Paper ID: 183
Title: Smooth and Strong: MAP Inference with Linear Convergence
Current Reviews

Submitted by Assigned_Reviewer_1

Q1: Comments to author(s). First provide a summary of the paper, and then address the following criteria: Quality, clarity, originality and significance. (For detailed reviewing guidelines, see http://nips.cc/PaperInformation/ReviewerInstructions)
Overview: This paper studies the benefits of augmenting the linear programming relaxation of the maximum a-posteriori (MAP) inference problem in graphical models with a quadratic term, thereby achieving strong convexity.

Such augmented formulations are obtained both from the original primal and dual formulations, and in each case the resulting primal-dual relationship is studied.

Prior work has mostly focused on smoothing the LP formulation using a softmax/entropy term, with a few notable exceptions, such as [5], [17] and [18].
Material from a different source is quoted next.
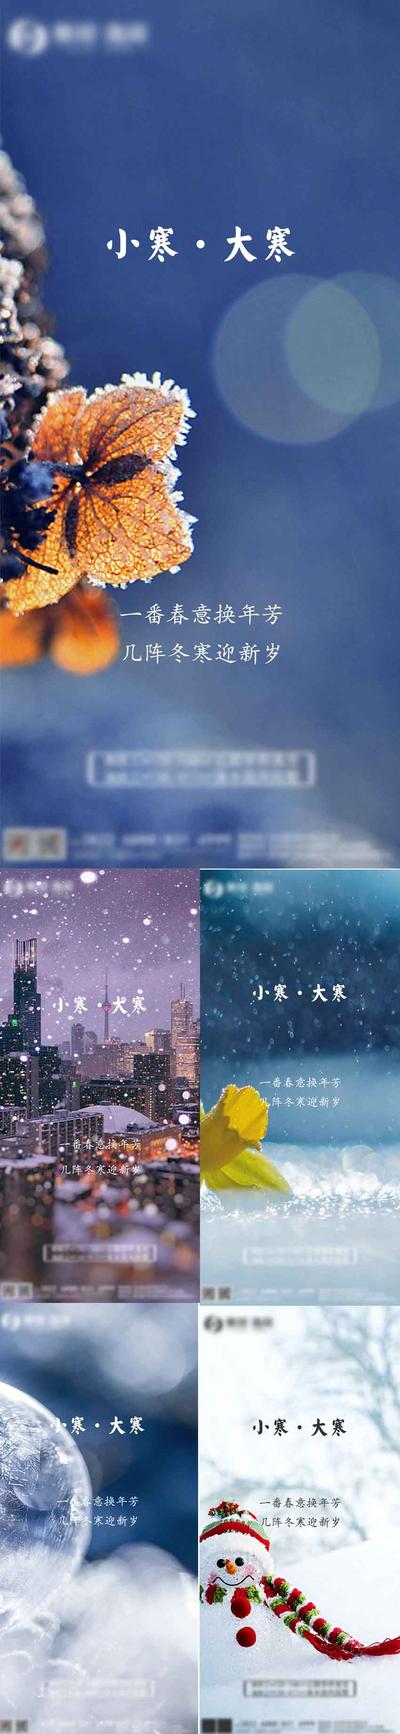 南门网 海报 二十四节气 小寒 大寒 冬天 下雪 雪人 系列
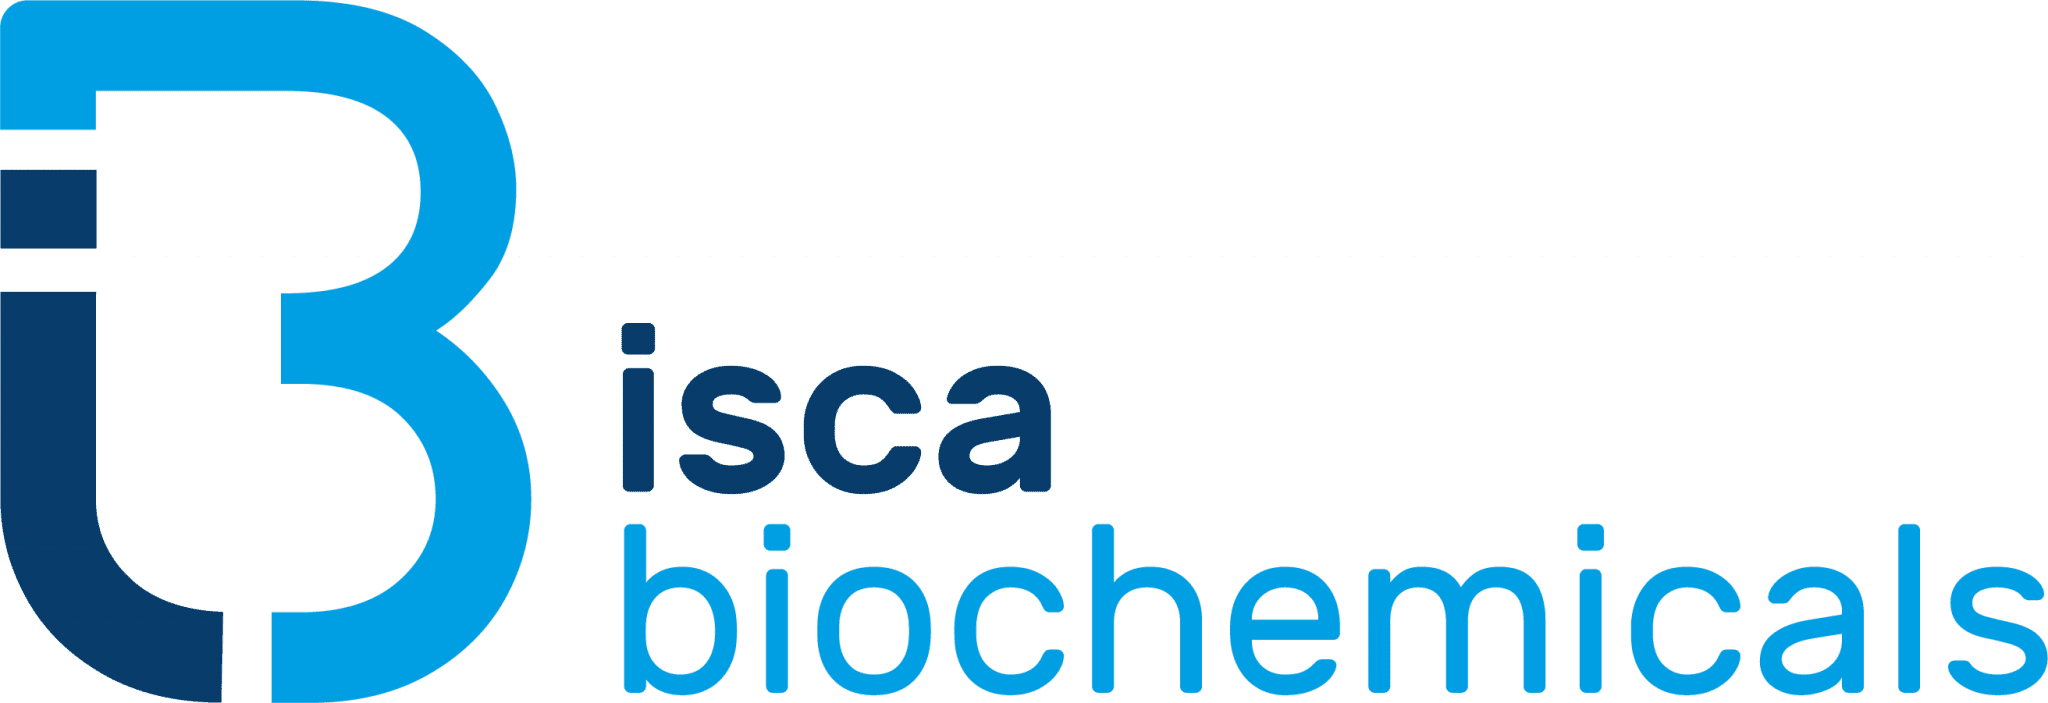 Isca Biochemicals

Rather than those previous approaches, which employ a quadratic term in the sub-problems of either a *proximal* or a *alternating direction* scheme, in the present manuscript, the quadratic smoothing term is added directly.

This can in some way be seen as a naive approach: In comparison to proximal or alternating direction schemes, convergence to the global optimum of the original problem is no longer guaranteed, and the approximation quality directly depends on the strength of the augmentation term.

The aforementioned approaches adjust the strength in an adaptive manner and thus find the global optimum, at least in the limit.

However, the formulations derived from this direct augmentation are very insightful and reveal several interesting connections to other formulations.

Moreover, the authors demonstrate in several experiments (both synthetic and real-world), that a particular optimization scheme for the primal form of the augmented dual (based on block-coordinate Frank-Wolfe) compares very favorably to other practical schemes if a commensurate strength of the quadratic penalty is chosen.

The Frank-Wolfe method has recently seen numerous useful applications in machine learning, and this is yet another interesting example.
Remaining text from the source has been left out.